Unicode

Sun Sep 17 13:27:35 EDT 2017

On Mon, Sep 18, 2017 at 2:20 AM, leam hall <leamhall at gmail.com> wrote:
> On Sun, Sep 17, 2017 at 9:13 AM, Peter Otten <__peter__ at web.de> wrote:
>
>> Leam Hall wrote:
>>
>> > On 09/17/2017 08:30 AM, Chris Angelico wrote:
>> >> On Sun, Sep 17, 2017 at 9:38 PM, Leam Hall <leamhall at gmail.com> wrote:
>> >>> Still trying to keep this Py2 and Py3 compatible.
>> >>>
>> >>> The Py2 error is:
>> >>>          UnicodeEncodeError: 'ascii' codec can't encode character
>> >>>          u'\xf6' in position 8: ordinal not in range(128)
>> >>>
>> >>> even when the string is manually converted:
>> >>>          name    = unicode(self.name)
>> >>>
>> >>> Same sort of issue with:
>> >>>          name    = self.name.decode('utf-8')
>> >>>
>> >>>
>> >>> Py3 doesn't like either version.
>> >>
>> >> You got a Unicode *EN*code error when you tried to *DE* code. That's a
>> >> quirk of Py2's coercion behaviours, so the error's a bit obscure, but
>> >> it means that you (most likely) actually have a Unicode string
>> >> already. Check what type(self.name) is, and see if the problem is
>> >> actually somewhere else.
>> >>
>> >> (It's hard to give more specific advice based on this tiny snippet,
>> >> sorry.)
>> >>
>> >> ChrisA
>> >>
>> >
>> > Chris, thanks! I see what you mean.
>>
>> I don't think so. You get a unicode from the database,
>>
>> $ python
>> Python 2.7.6 (default, Oct 26 2016, 20:30:19)
>> [GCC 4.8.4] on linux2
>> Type "help", "copyright", "credits" or "license" for more information.
>> >>> import sqlite3
>> >>> db = sqlite3.connect(":memory:")
>> >>> cs = db.cursor()
>> >>> cs.execute("select 'foo';").fetchone()
>> (u'foo',)
>> >>>
>>
>> and when you try to decode it (which is superfluous as you already have
>> unicode!) Python does what you ask for. But to be able to decode it has to
>> encode first and by default it uses the ascii codec for that attempt. For
>> an
>> all-ascii string
>>
>> u"foo".encode("ascii") --> "foo"
>>
>> and thus
>>
>> u"foo".decode("utf-8)
>>
>> implemented as
>>
>> u"foo".encode("ascii").decode("utf-8") --> u"foo"
>>
>> is basically a noop. However
>>
>> u"äöü".encode("ascii") --> raises UnicodeENCODEError
>>
>> and thus
>>
>> u"äöü".decode("utf-8")
>>
>> fails with that. Unfortunately nobody realizes that the encoding failed and
>> thus will unsuccessfully try and specify other encodings for the decoding
>> step
>>
>> u"äöü".decode("latin1")  # also fails
>>
>> Solution: if you already have unicode, leave it alone.
>>
>
> Doesn't seem to work. The failing code takes the strings as is from the
> database. it will occasionally fail when a name comes up that uses
> a non-ascii character.
>
> Lines 44, 60, 66, 67.
>
> https://github.com/makhidkarun/py_tools/blob/master/lib/character.py

This doesn't make it easy:

https://github.com/makhidkarun/py_tools/blob/master/lib/character_tools.py#L40

Whatever exception occurs, you go to your fallback method. So if
something's going wrong, it's harder to figure out.

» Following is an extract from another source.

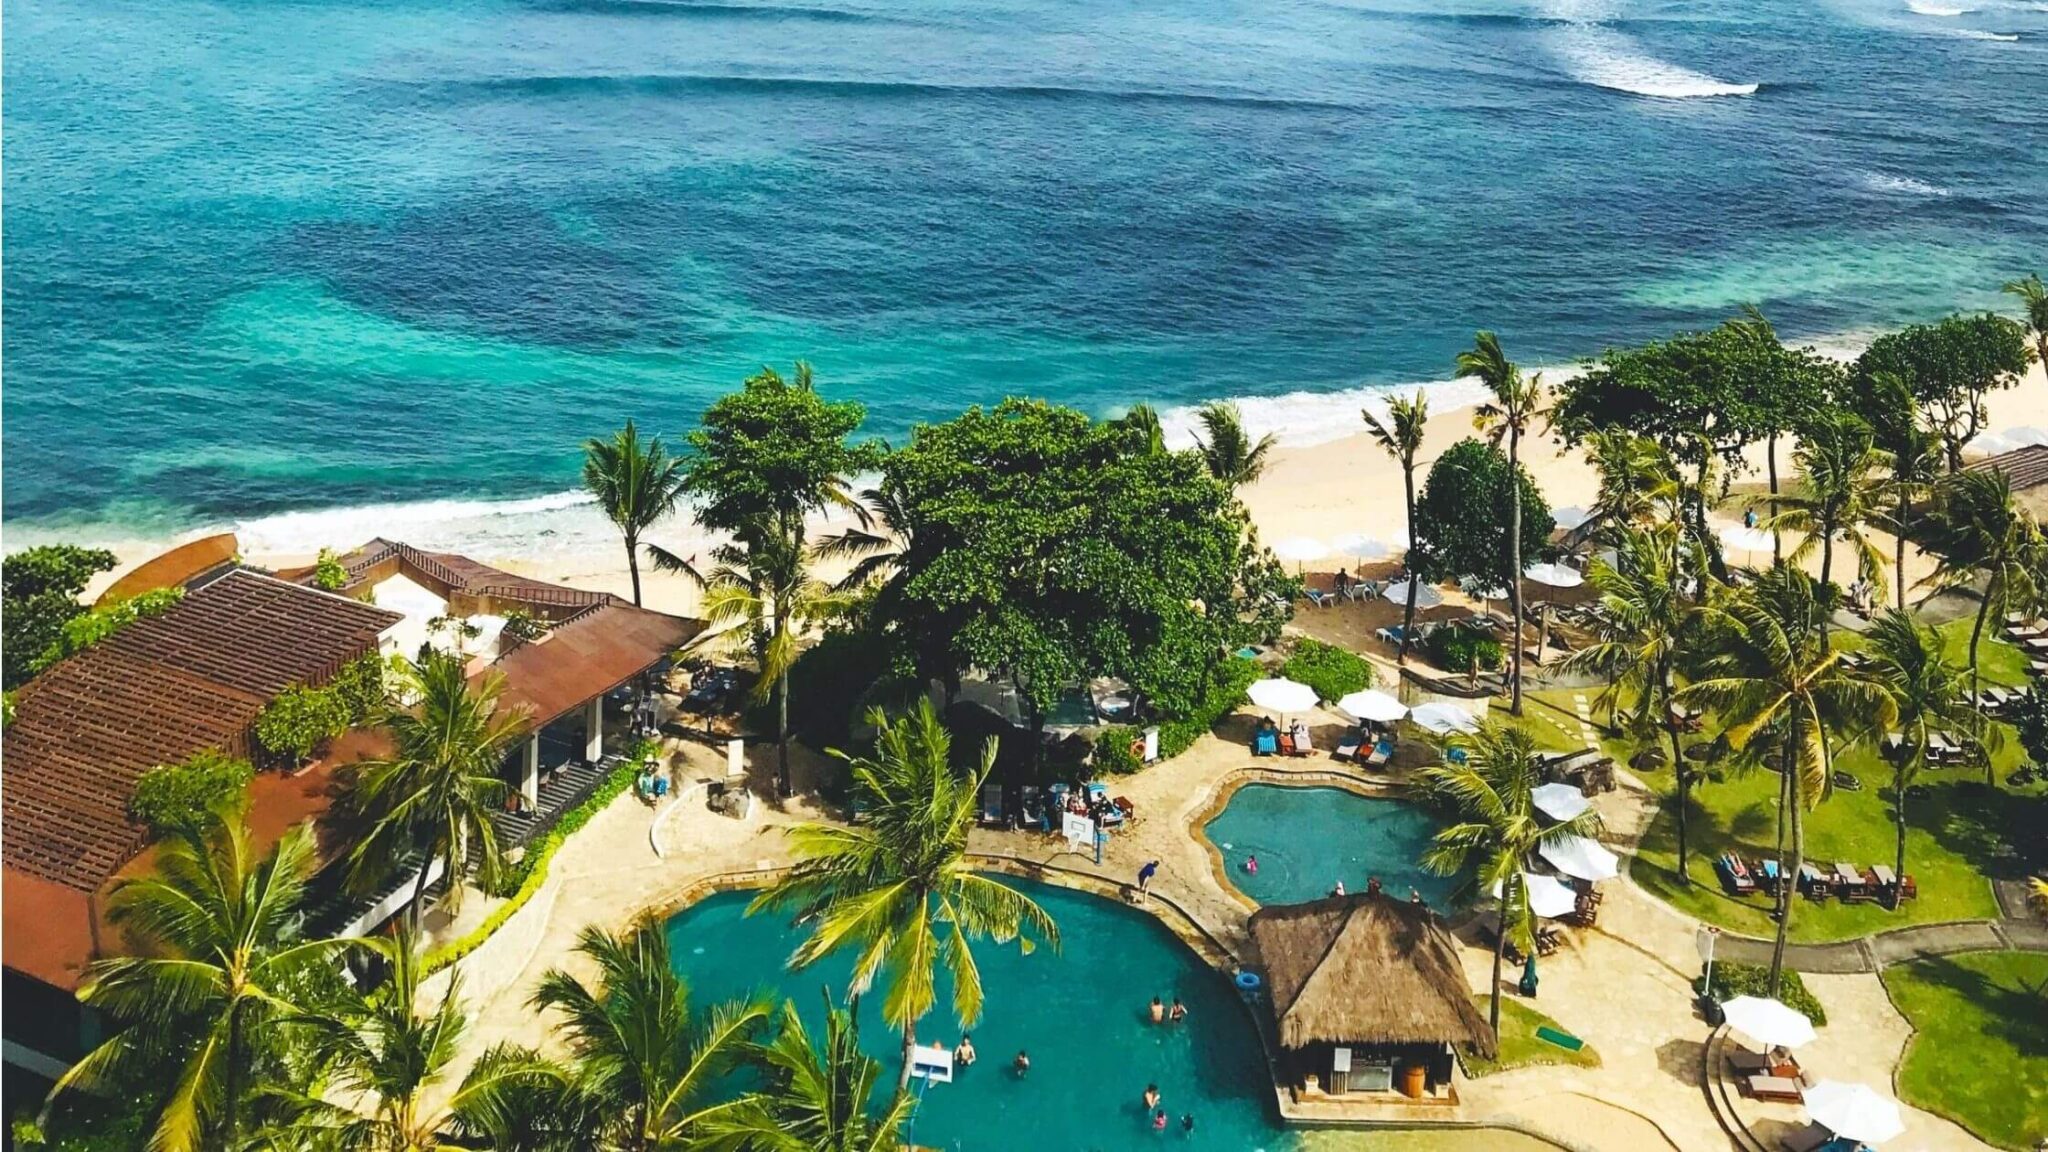 Bali Packages from India (All Inclusive Cost, Deals & Itinerary)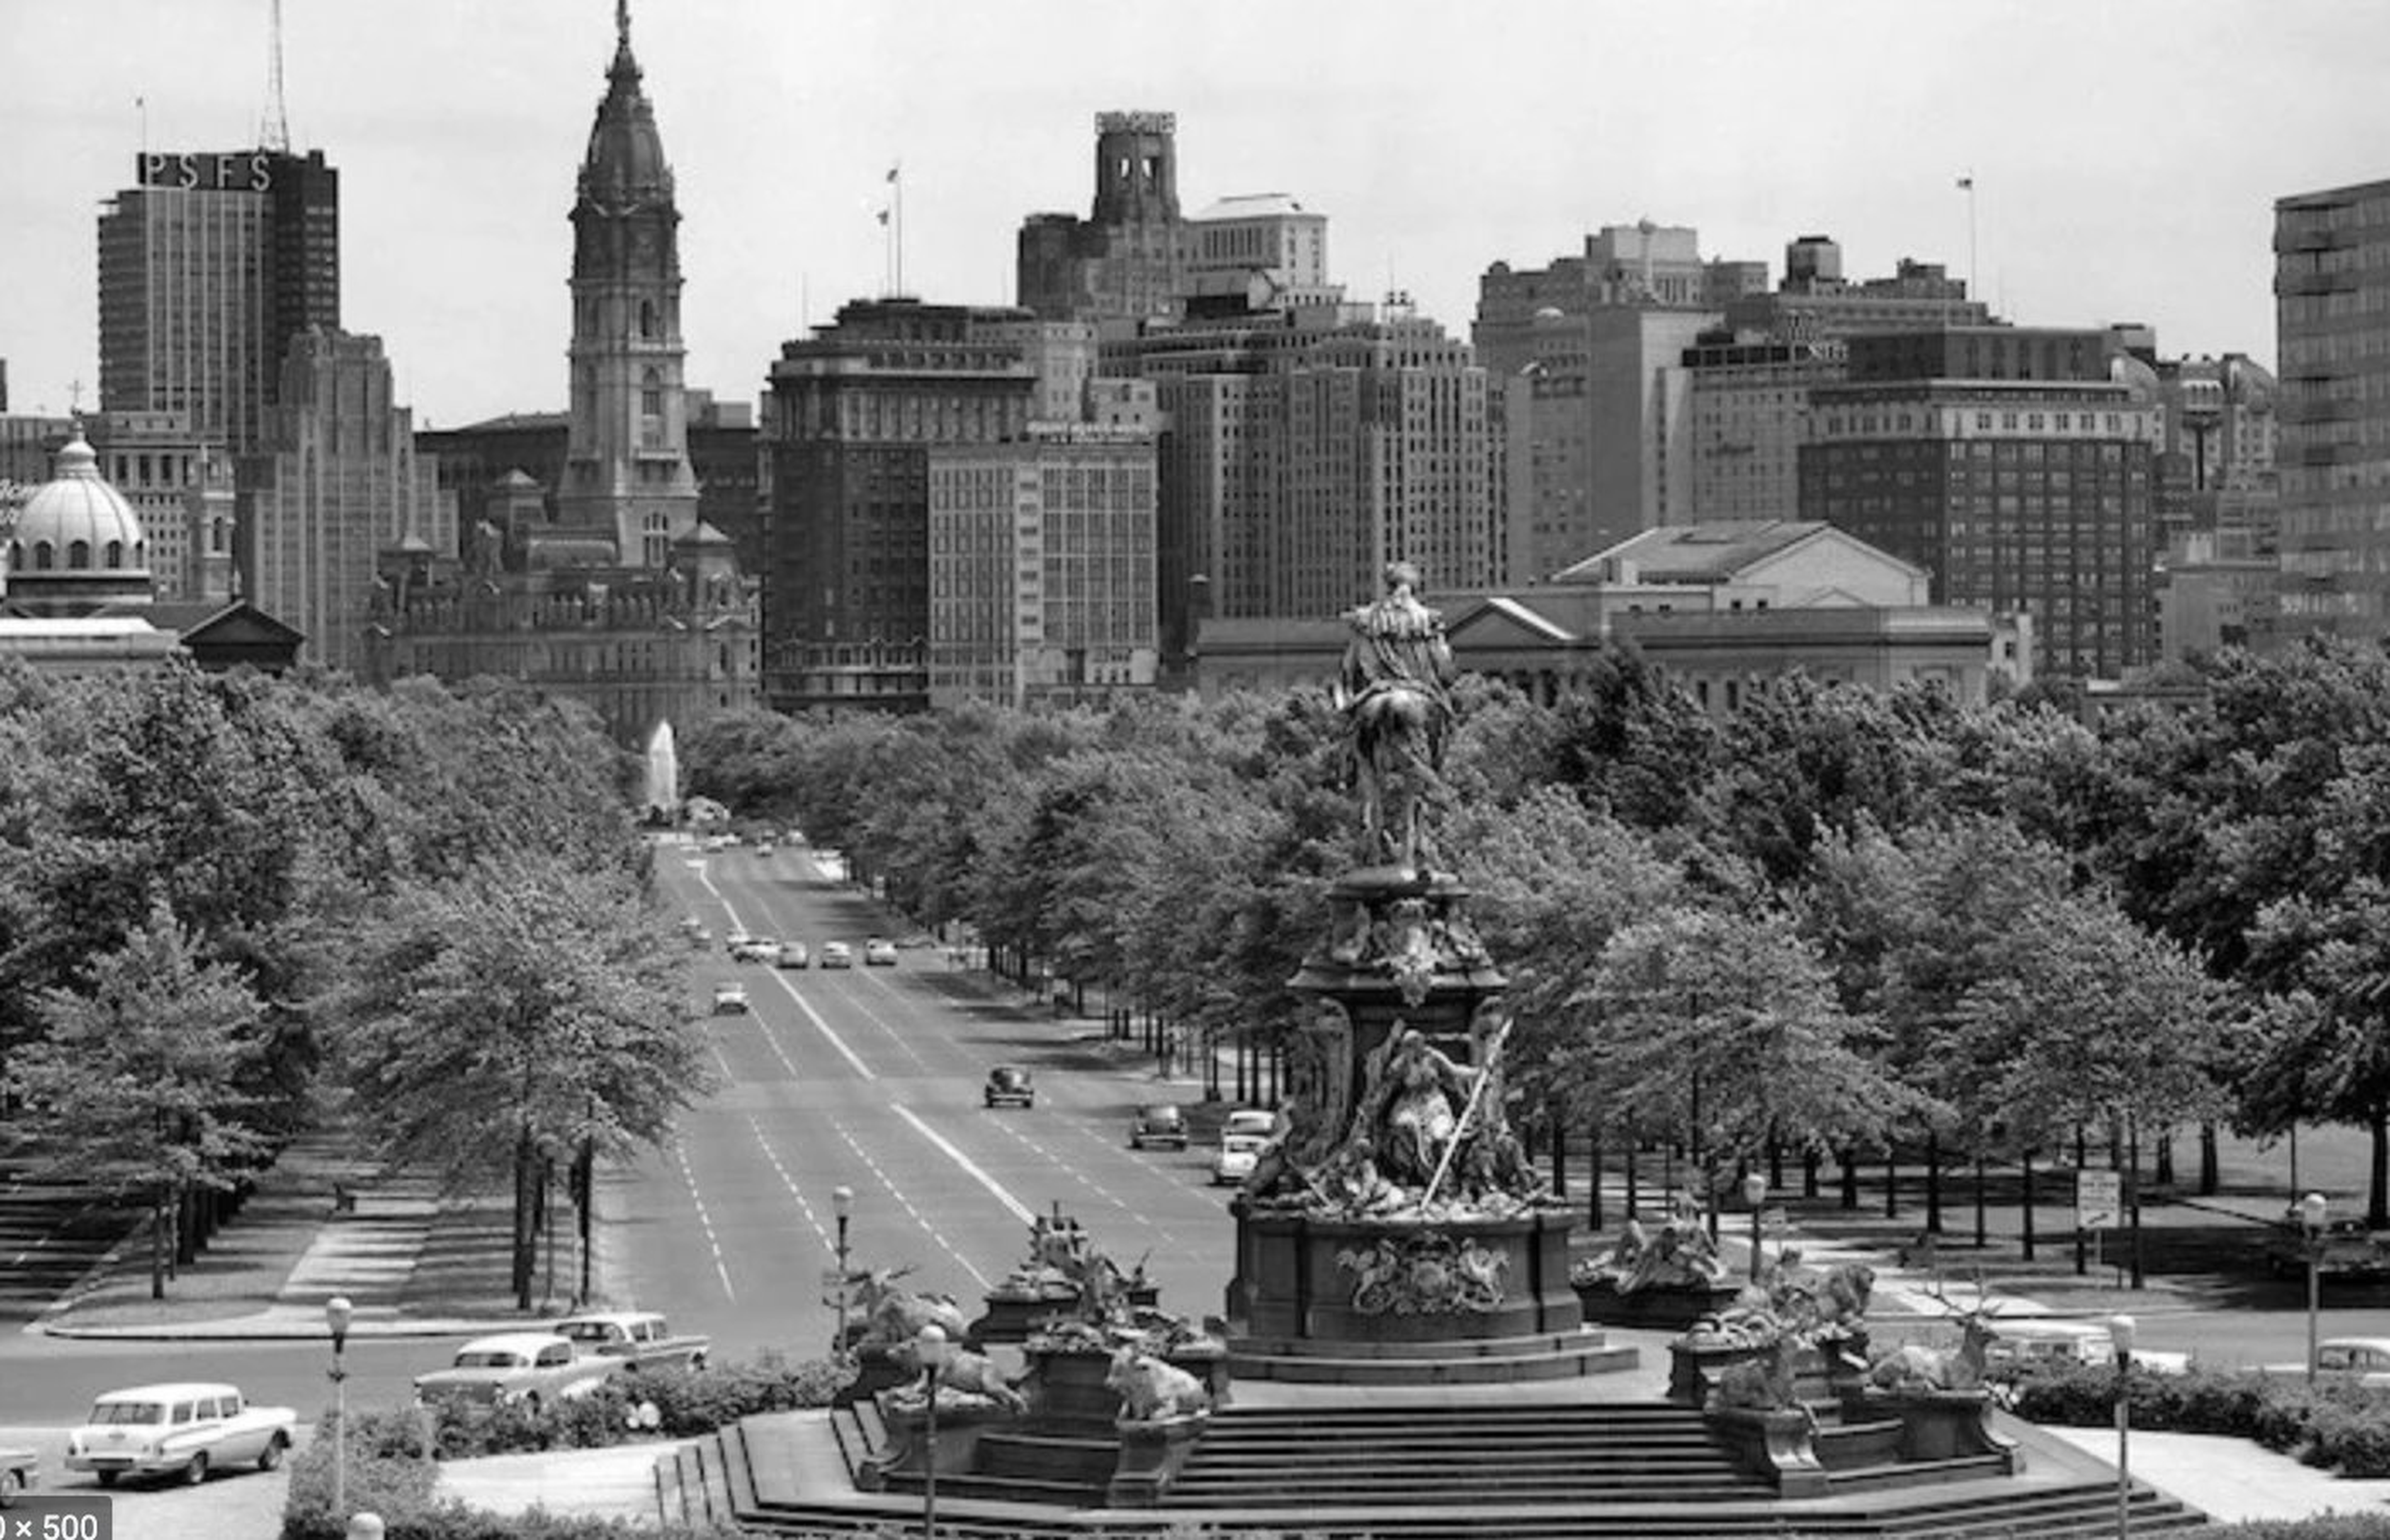 '1950s Benjamin Franklin Parkway Looking Southwest from Art Museum Past Eakins to Logan Circle to City Hall Philadelphia Pa USA' Photographic Print on Wrapped Canvas - Wayfair

But the thing to do would be to check the types of everything that's
involved. You probably still have a mixture of text and bytes. It's
hard to pin down without actually running all the code, and with all
your "from X import *" lines, it's not easy to track down all the
code; I *think* that you will get different behaviour from SQLite3 vs
the list_from_file function, but I can't be certain.

As always, print is your friend. In this case, print(type(...)) will be helpful.

ChrisA